Genethon relies on the help of many experts.
For example :
|Director of Research, Head of Inserm Unit 951
Anne Galy, Ph.D.
Anne Galy heads an INSERM Research Group at Genethon, as well as a hematopoietic gene therapy translational program. She is qualified in pharmacy and received her doctorate in Immunology from Université de Lyon (1989). She worked in the USA biotech sector in Palo Alto (California) before becoming a Professor of Immunology at the School of Medicine and at the Karmanos Cancer Institute at the Wayne State University in Detroit, Michigan. In 2001, she joined INSERM as a Research Director. She currently runs INSERM Unit 951 at Genethon, which has links with Université d’Evry Val d’Essonne and the Ecole Pratique des Hautes Etudes. This research laboratory develops innovative treatments for diseases of the immune system and blood, and is particularly interested in mechanisms for immunization by viral gene transfer. Anne Galy has published more than 90 articles in international scientific journals.
Isabelle Richard, Ph.D.
Isabelle Richard joined Genethon in 1996 and heads a research group which is developing innovative muscular dystrophy treatments and investigating genetics and the physiopathological mechanisms of genetically-inherited diseases.
She is also in charge of a translational muscular gene therapy program.
She is Director of Research at the CNRS, and obtained her PhD in Human Genetics from Université de Paris 7 (1996).
She is taking part in a European project called NMD-chip and has had 110 articles published in international scientific journals.
Anna Buj-Bello, Ph.D.
Ana Buj Bello heads a research team at Genethon working on neuromuscular diseases, as well as a translational program investigating gene therapy for the treatment of myotubular myopathy. She received her degree in Medicine and Surgery from the University of Lleida, Spain, and a PhD in Neurosciences from the University of St Andrews (Great Britain). She also obtained a diploma in Myology from the University of Pierre et Marie Curie, France. Having done a post-doctorate at the Institut de Génétique et Biologie Moléculaire et Cellulaire (IGBMC), Illkirch, where she worked for several years on the pathophysiology of myotubular myopathy, she joined the INSERM in 2004 and has worked at Genethon since 2009. Ana Buj Bello has published about 40 articles in international scientific journals and received the 2015 Outstanding New Investigator Award from the American Society of Gene & Cell Therapy (ASGCT).

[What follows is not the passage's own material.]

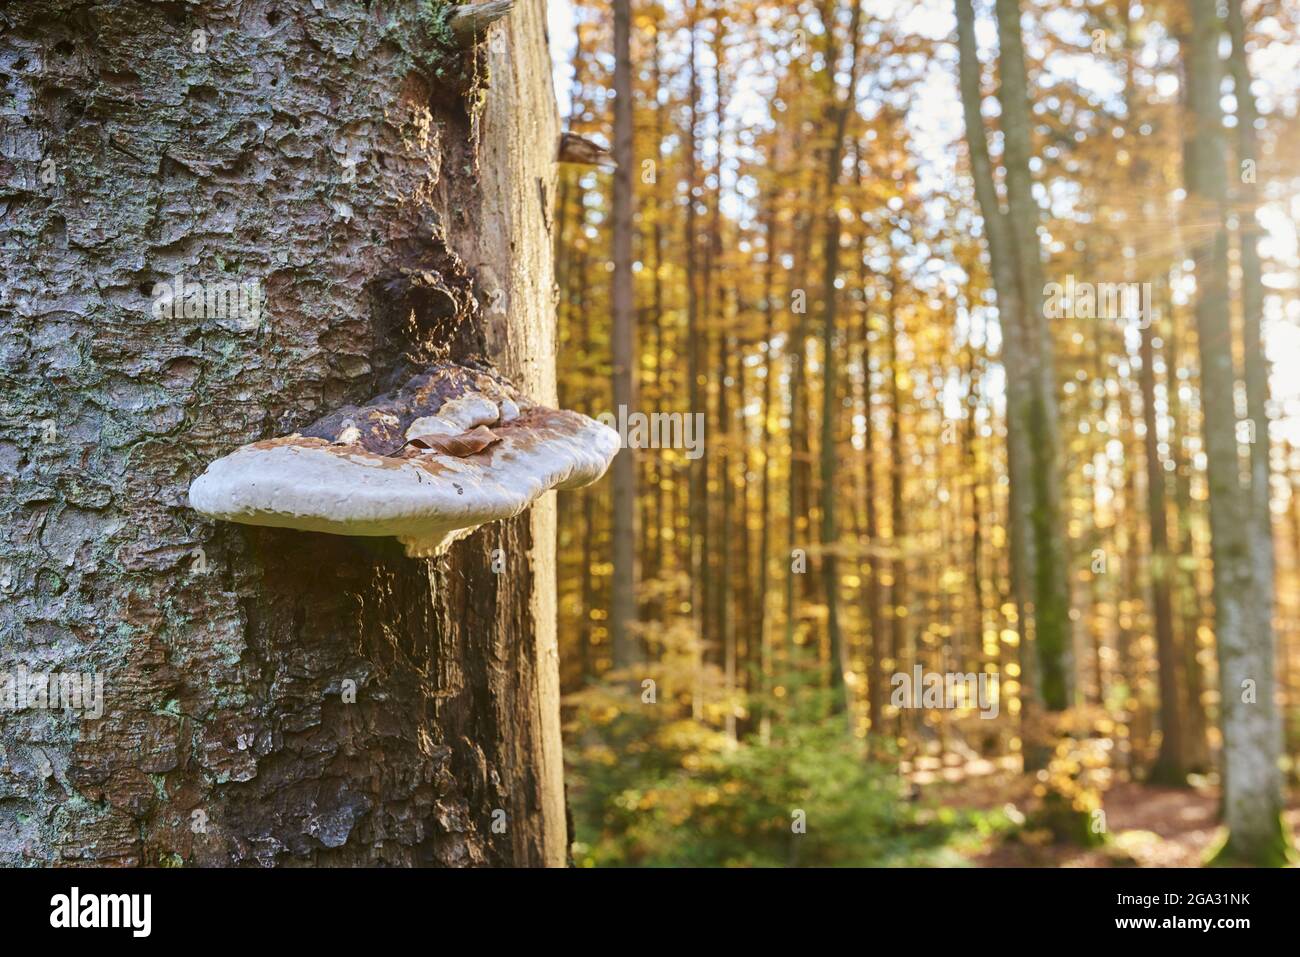 Conk à ceinture rouge (Fomitopsis pinicola) champignon sur un tronc d'arbre; Bavière, Allemagne Banque D'Images
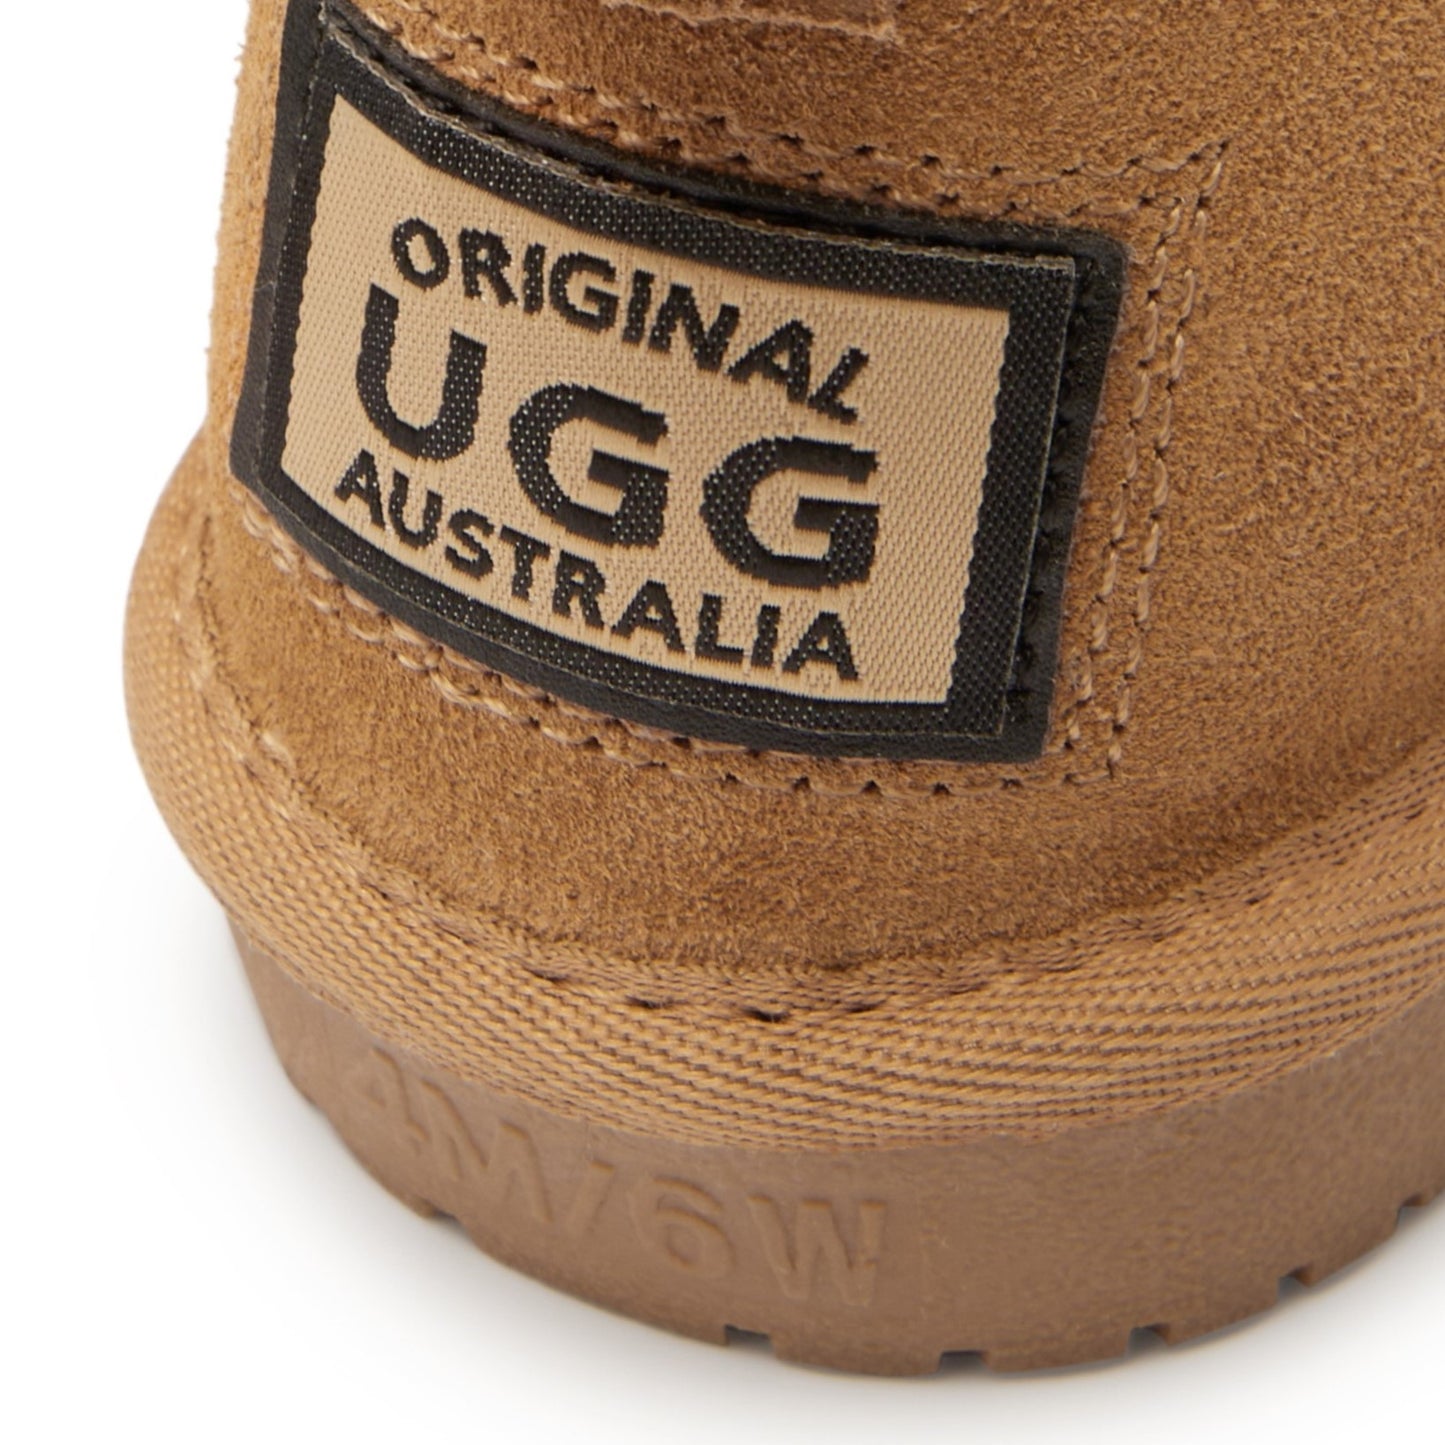 Originals Ugg Australia Mid Button Boots Chestnut

|Head of Applied Vector Studies
Otto-Wilhelm MERTEN, Ph.D.
Otto-Wilhelm Merten joined Genethon in 1997 and is currently in charge of the Applied Vector Studies group which helps innovate and optimize vector production. A Doctor of Biotechnology (Vienna, Austria), he has worked at the Institut Pasteur (Paris, France) as well as at the Sandoz Research Institute (Vienna, Austria). He has helped develop virus production processes, first for vaccination (influenza, poliomyelitis, rabies), and them for treatment applications. Otto-Wilhelm Merten has had 112 articles published in international scientifc journals and is Editor in Chief of Cytotechnology. He has also been a member of the ESACT (European Society for Animal Cell Technology) Executive Committee for 16 years (including four years as President from 2001 to 2005).
Federico MINGOZZI, Ph.D.
Federico Mingozzi heads a research group at Genethon which is working on the development of liver-targeted gene therapies for inherited diseases and on the characterization of immunity and tolerance in gene transfer. He is also Associate Professor at the University Pierre and Marie Curie in Paris.
He received his Biology degree and Ph.D. In Biochemistry and Molecular Biology from the University of Ferrara, Italy. He also obtained a Master in Business Administration from Drexel University, United States. He spent over ten years in the United States at the Children’s Hospital of Philadelphia and University of Pennsylvania where he was involved in the early development of gene therapies based on the adeno-associated virus (AAV) vector platform. In his research, he characterized the mechanisms of immune tolerance induction mediated by AAV vector liver gene transfer. More recently he focused on the clinical development of AAV vector-based gene therapies for inherited diseases and on the study of immune responses directed against AAV vectors in human trials. He contributed to several first-in-human AAV gene transfer clinical trials for indications including hemophilia B, Leber’s Congenital Amaurosis, and lipoprotein lipase deficiency. He contributed to about 80 publications, including original research articles, reviews and commentaries, and book chapters.